Patty travels to Danforth's last-known address, a condominium in Desert Spring. There she finds Ann, his girlfriend and previous co-conspirator who had earlier come looking for him in San Francisco. Ann tells Patty that Carter Hayes is the name of the property's former landlord, and that Danforth assumed Hayes' identity and took possession of the condominium after (the genuine) Hayes hired two thugs to carry out the assault shown in the film's opening scene. Ann also shows Patty a postcard from Danforth, written on the letterhead of a hotel in Century City, which had just arrived the day before.

Patty tracks down Danforth at the hotel, where he has checked in under Drake's name. Patty bluffs her way into his suite by posing as his wife, and while rummaging through his personal effects she discovers he is using legal and financial documents in Drake's name. She calls Drake and tells him to cancel all of his credit cards and freeze the couple's joint bank account. She then places an exorbitant order for room service, which leads to Danforth being arrested.

Danforth is bailed out of prison by a wealthy widow, Florence Peters, whom he was apparently vetting to be his next victim. Once out on bail, Danforth returns to San Francisco to seek revenge against Patty and Drake. Upstairs, he bludgeons Drake with a golf club, then attacks Patty in the downstairs apartment where she is busy making repairs. A struggle ensues, and a badly-wounded Drake makes his way into the crawl space between the basement and the first-floor apartment. He reaches through a hole in the floor and grabs Danforth by the ankle; Danforth loses his balance and is killed when he falls backward, landing on a water supply line which had been connected to the commode he stole.

Some time later, Patty and Drake have put their newly repaired building up for sale and show the property to another couple. The story ends with the couple having a private discussion about making an offer of $825,000-$850,000, which is $75,000-$100,000 more than what Drake and Patty had originally paid for it.

Cast

Reception

Box office 
The film opened with a gross of $7.1 million from 1,284 theaters, replacing Goodfellas atop the box office.

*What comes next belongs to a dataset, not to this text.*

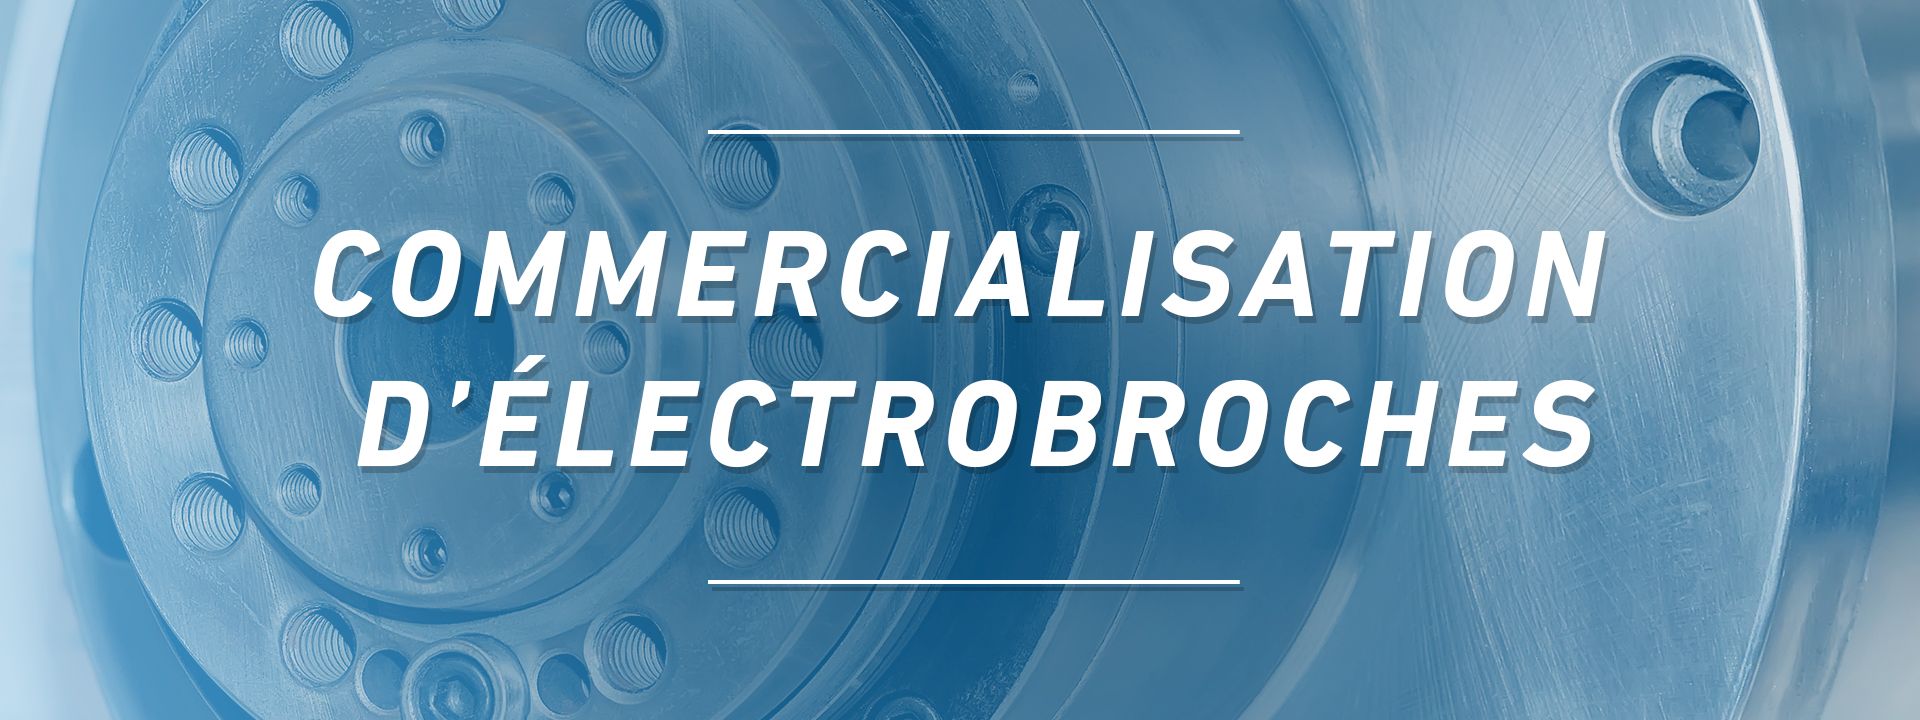 Precise France - Commercialisation d'électrobroches
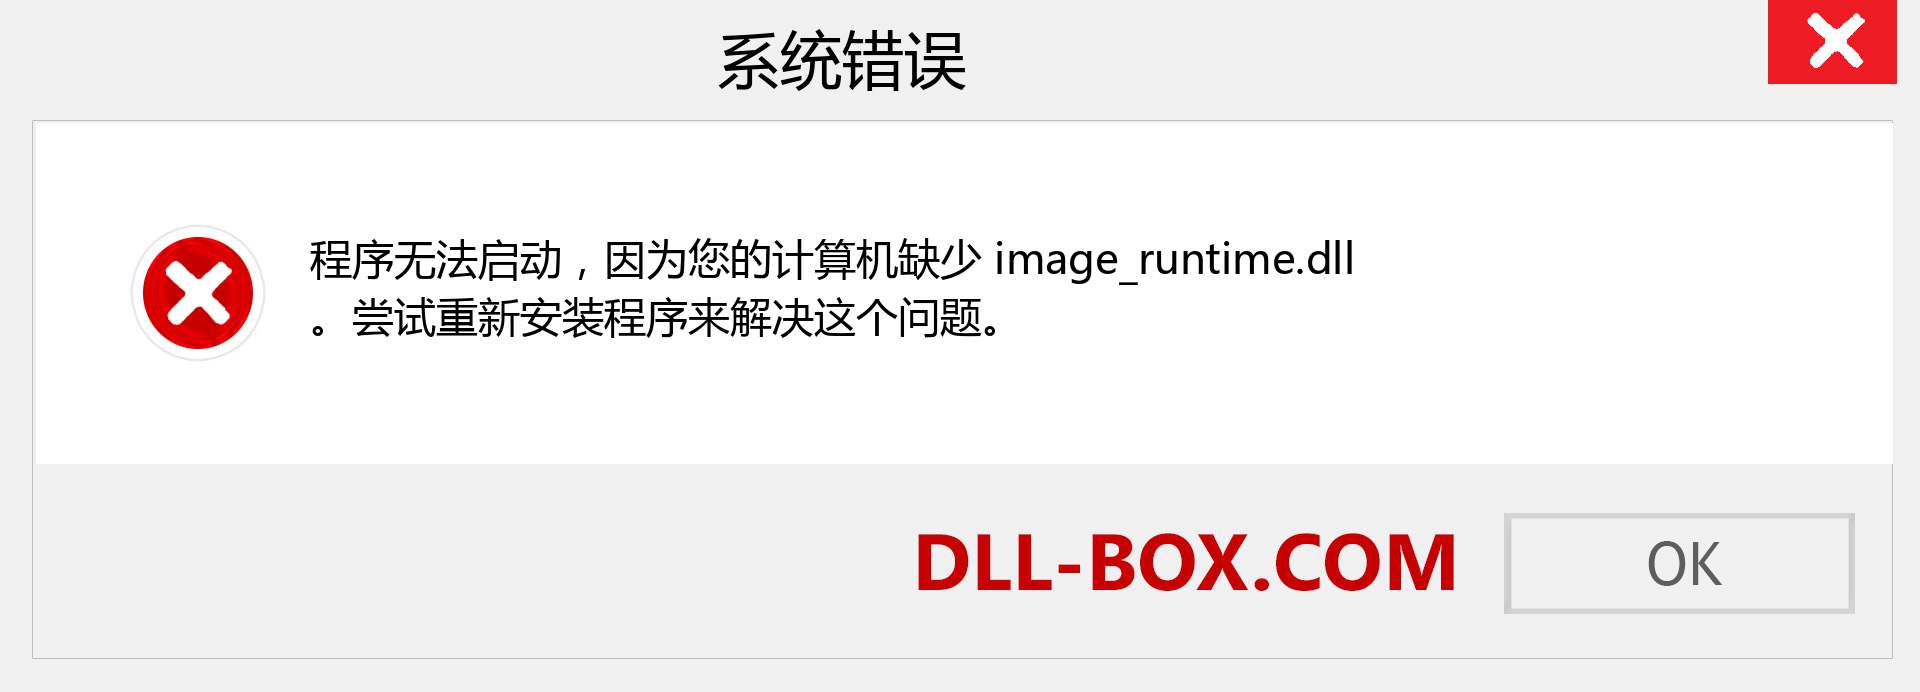 image_runtime.dll 文件丢失？。 适用于 Windows 7、8、10 的下载 - 修复 Windows、照片、图像上的 image_runtime dll 丢失错误

Pacific Heights grossed $29.4 million in the United States and Canada, and $26 million in other territories, for a worldwide total of $55 million.

Critical response 
On Rotten Tomatoes, 52% of 27 critics gave the film a positive review, with an average rating of 5.2/10. The website's critics consensus reads, "Michael Keaton certainly proves himself as an effective villain, but Pacific Heights sticks too closely to well-worn thriller conventions." On Metacritic, the film has a weighted average score of 55 out of 100, based on 25 critics, indicating "mixed or average reviews". Audiences polled by CinemaScore gave the film an average grade of "B" on an A+ to F scale.

Janet Maslin of The New York Times characterized the film as "perhaps the first eviction thriller," writing that it "taps into a previously unexplored subject, the source of so much excitement and so many conversational gambits within young urban professional circles. It is, of course, real estate." Roger Ebert called the film "a horror film for yuppies", and said the script relied on too many horror clichés. Owen Gleiberman of Entertainment Weekly agreed, writing, "the actors are stranded with a perfunctory, deadwood script that's all concept and no follow-through." Desson Howe of The Washington Post summed up the film this way: "This is a yuppie conceit; this is not interesting to human beings."

Chris Hicks of the Deseret News was among the critics who praised the acting, especially of Keaton, and found enjoyment in having Patty getting her revenge on a man who had manipulated the law to wreck her dreams and hurt the man she loved. In contrast, the Washington Post'''s Howe criticized Modine's acting, remarking that as he "... goes from clean cut boyfriend to arrested, frothing debtor in screen minutes, loses his cool so easily and maniacally, you wonder if he'll turn out to be the real psycho."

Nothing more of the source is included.